With an ever growing industry, video games are becoming commonplace in society. Based upon what we have done in this project, we see the value that data analysts bring when analyzing vast amounts of data. Initially, we thought that the action genre would have been the best performing genre globally for sales but the shooter genre was the best performing genre globally. We also saw the regional difference between countries. For example, in Japan, the best selling genre is the role-playing genre whereas in North America, the shooting genre is the best selling genre.

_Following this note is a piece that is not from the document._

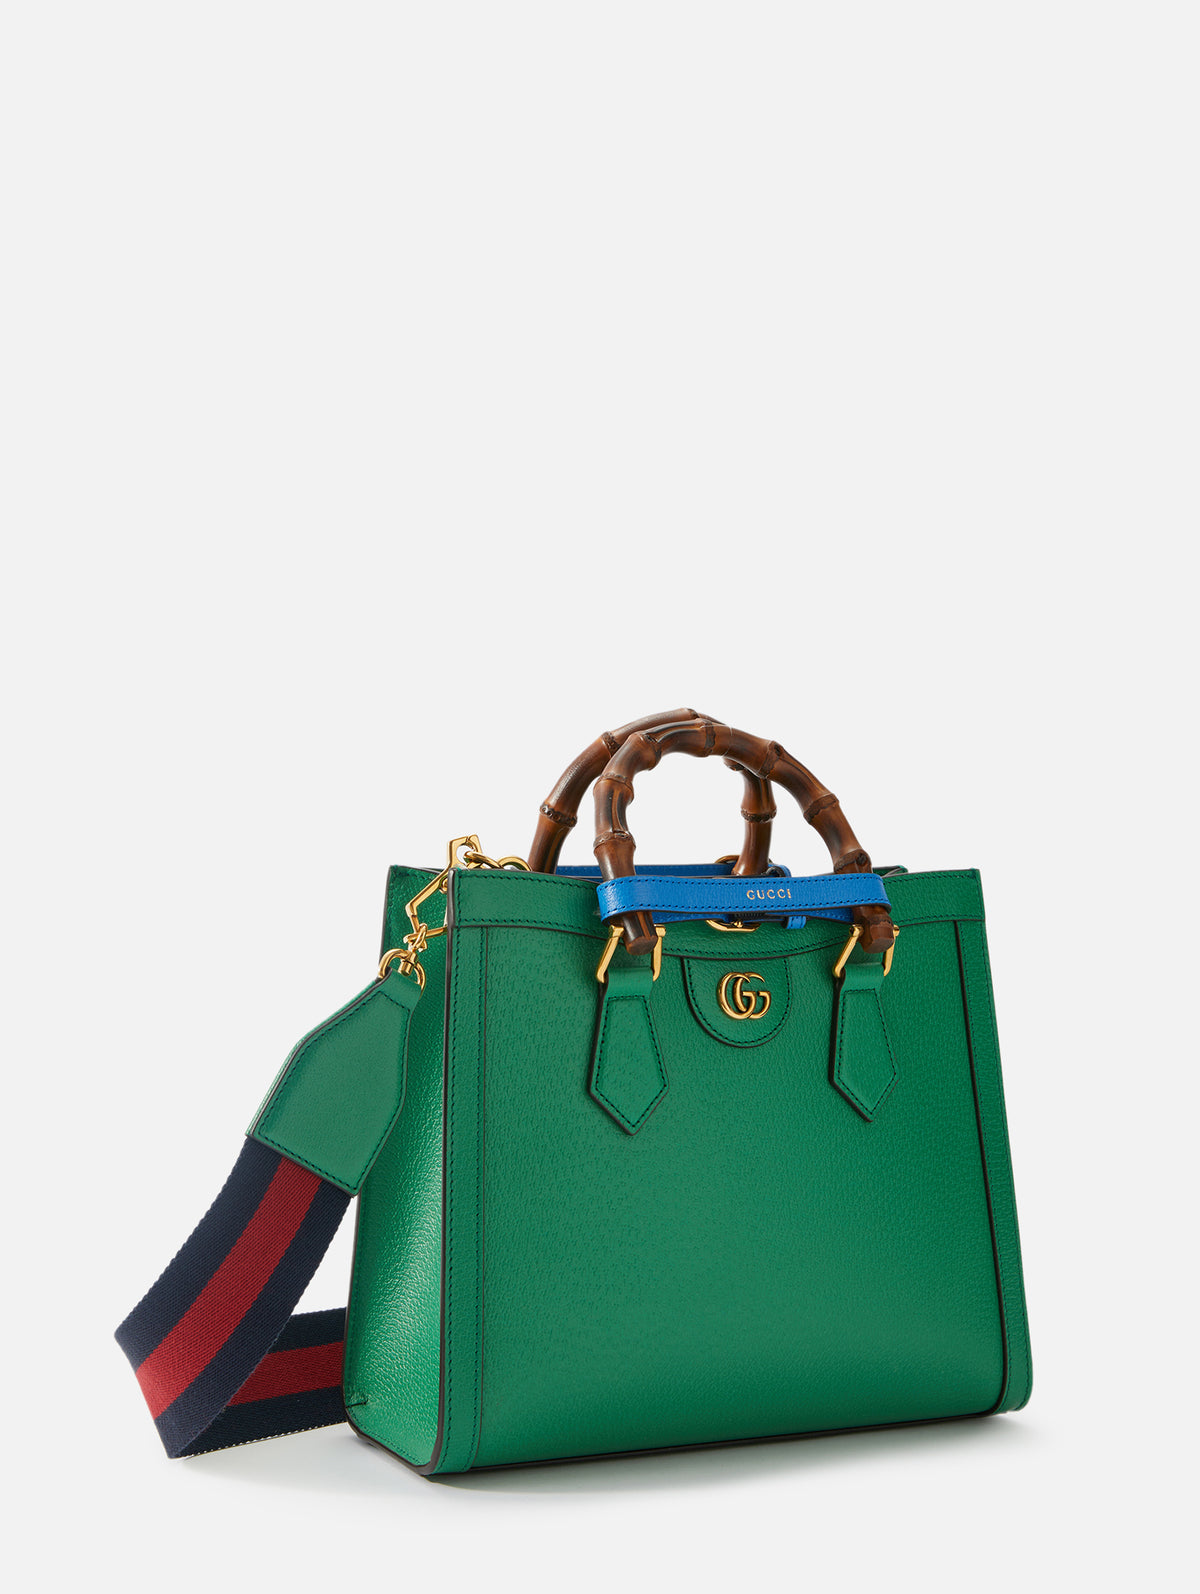 Gucci Diana small tote bag in dark green leather

If you are interested and you have more recent data involving more recent console platforms such as the Nintendo Switch, PS5, and Xbox Series X. You could analyze other factors such as micro-transactions, season-passes, and how COVID19 affected sales.
So in conclusion, we have modified the dataframe to remove columns and rows that were not needed for our analysis. Hopefully, this tutorial provided an insight into what game developers, and analysts have to take into consideration when trying to make a new game. We have graphs showing the global sales of video games by genre, region, and platform. This information can be useful if a developer wants to figure what type of games will potentially lead to the most profit. We have shown that we can answer questions such as “Would this genre sell well on this video game platform?”, “Which genre is best for maximizing sales globally?”,or “Is it worth it to develop a game in a particular genre?”